§ PROBLEM DETAILS:
Set down, unchanged, the line holding "Golden Gate Bridge Off for Earth Hour" and all lines that follow it to the end of the material, leaving pictures out.

§ COLLECTED DATA:
'''

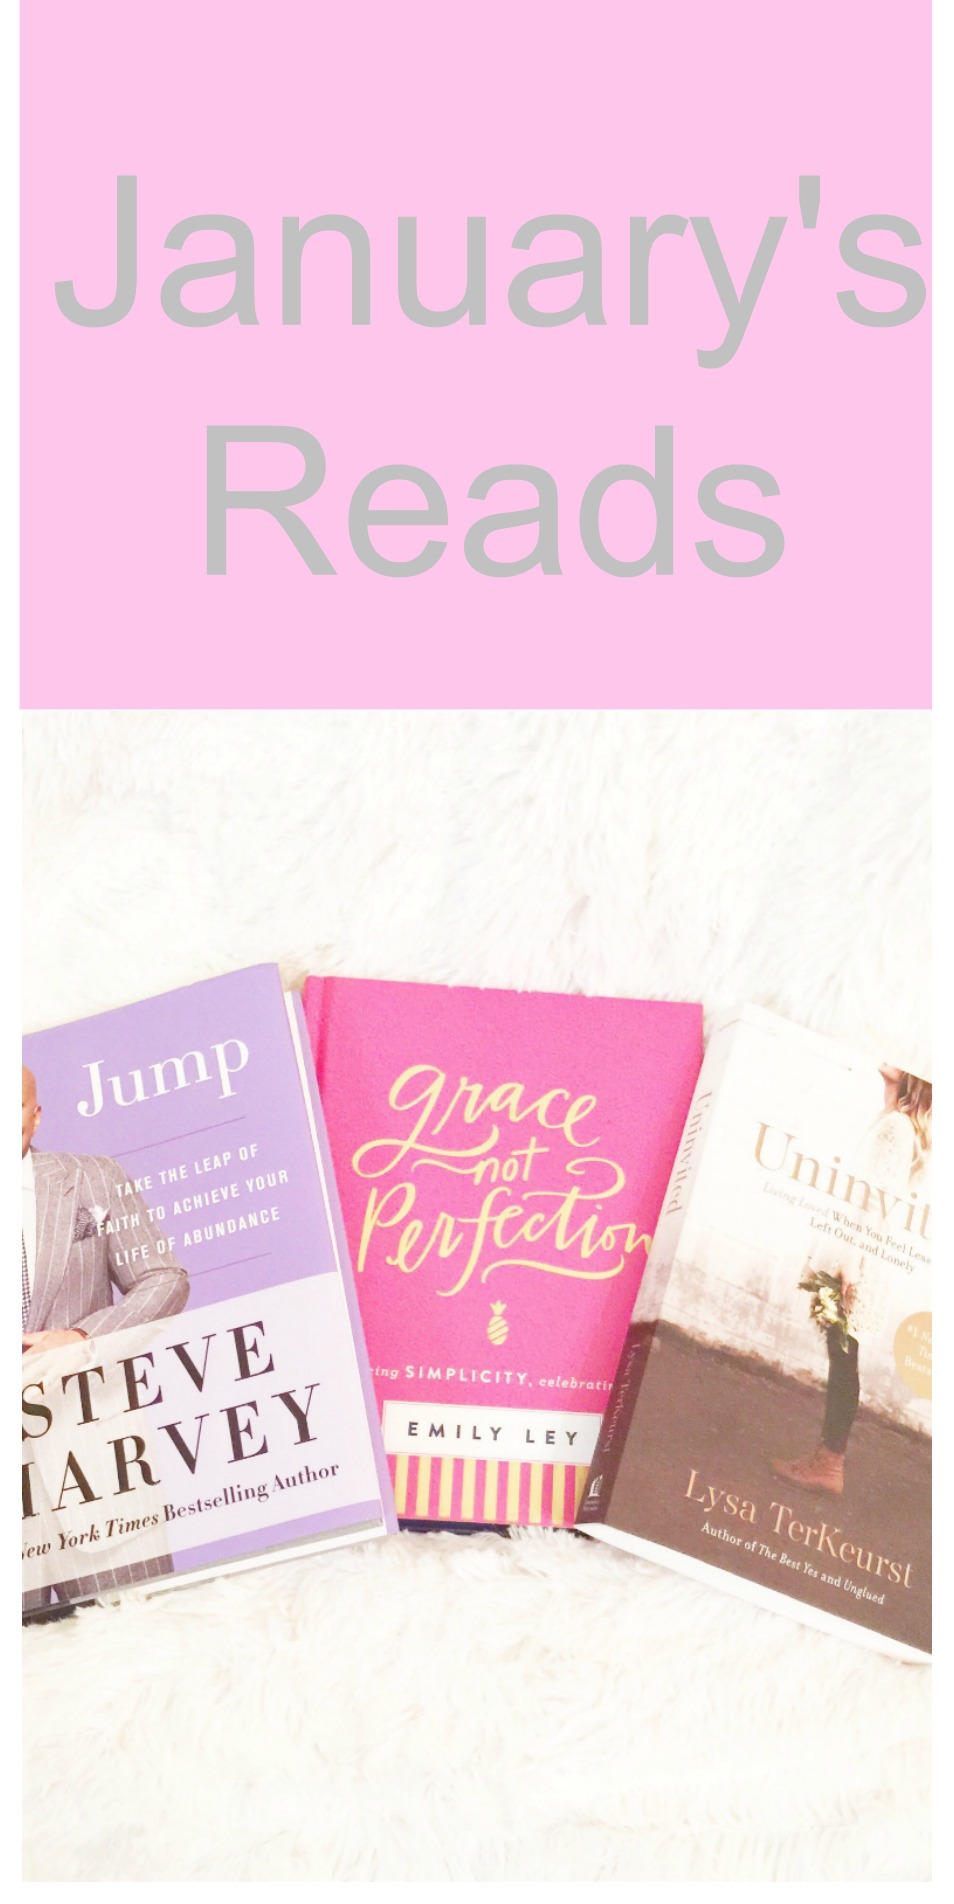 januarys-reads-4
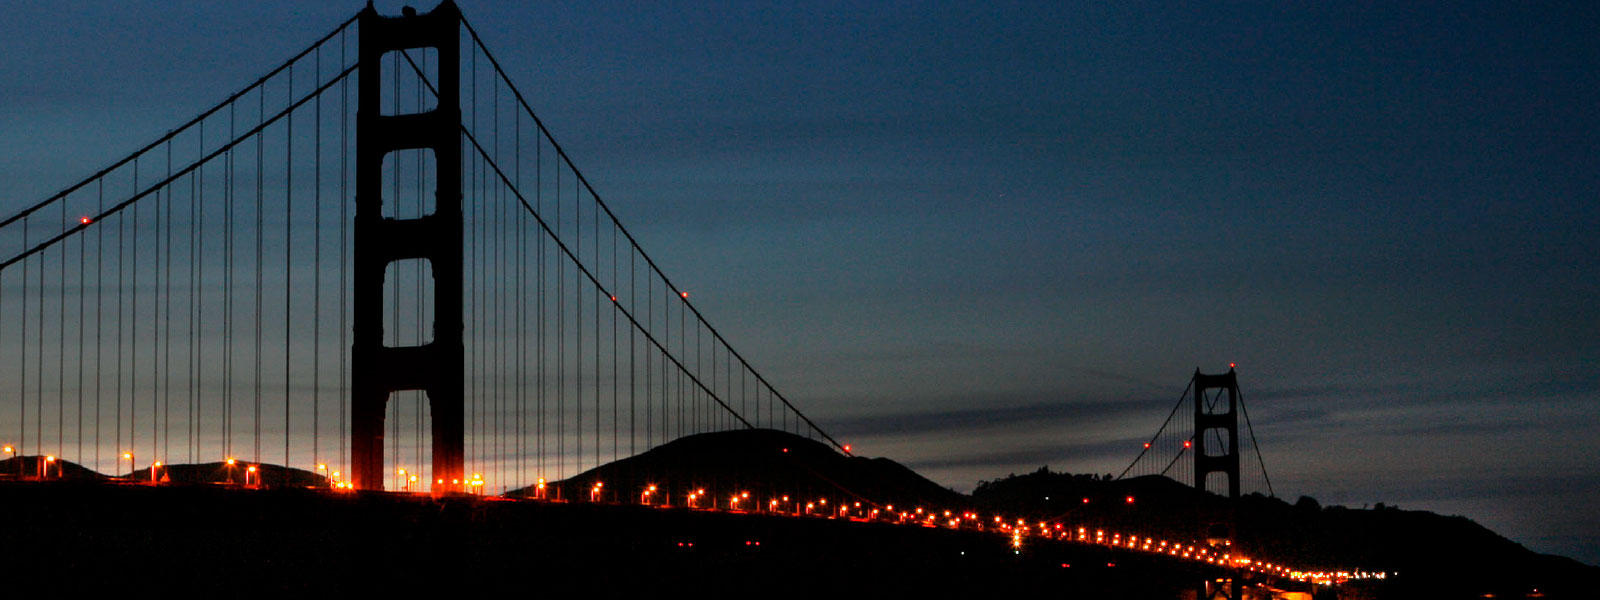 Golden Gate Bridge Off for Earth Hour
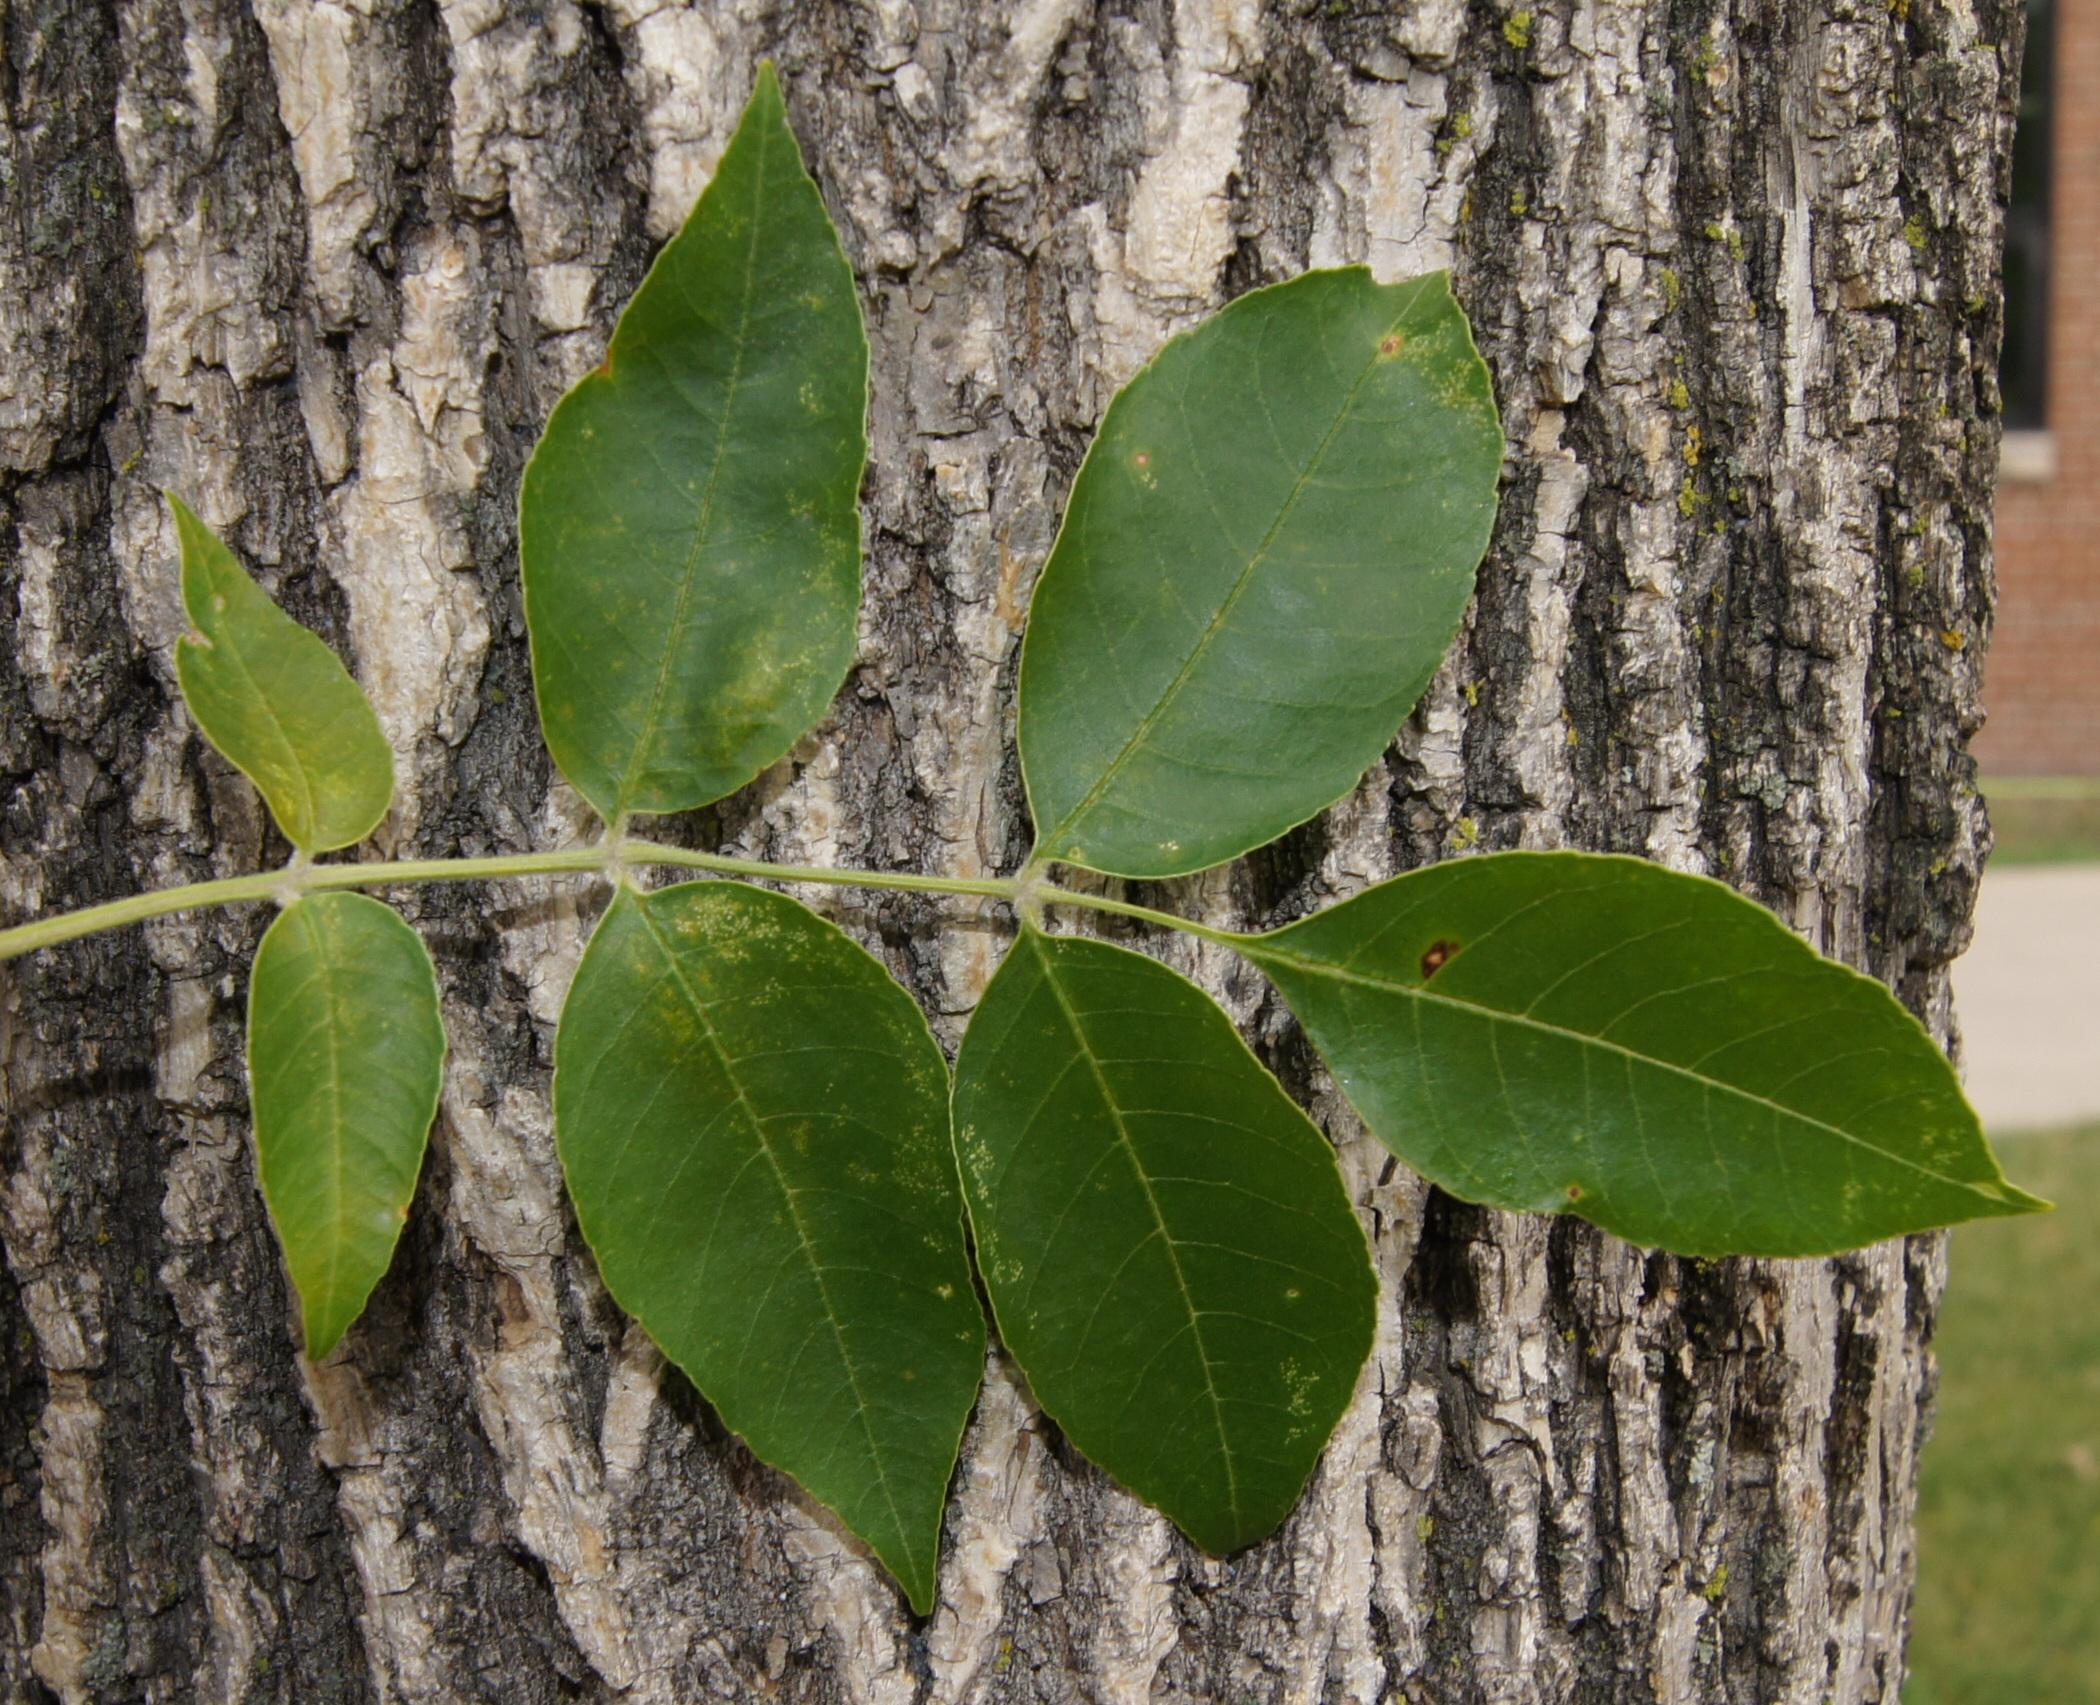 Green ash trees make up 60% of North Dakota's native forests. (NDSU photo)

'''

§ RESULT FOR THIS TASK:
 Golden Gate Bridge Off for Earth Hour
 Green ash trees make up 60% of North Dakota's native forests. (NDSU photo)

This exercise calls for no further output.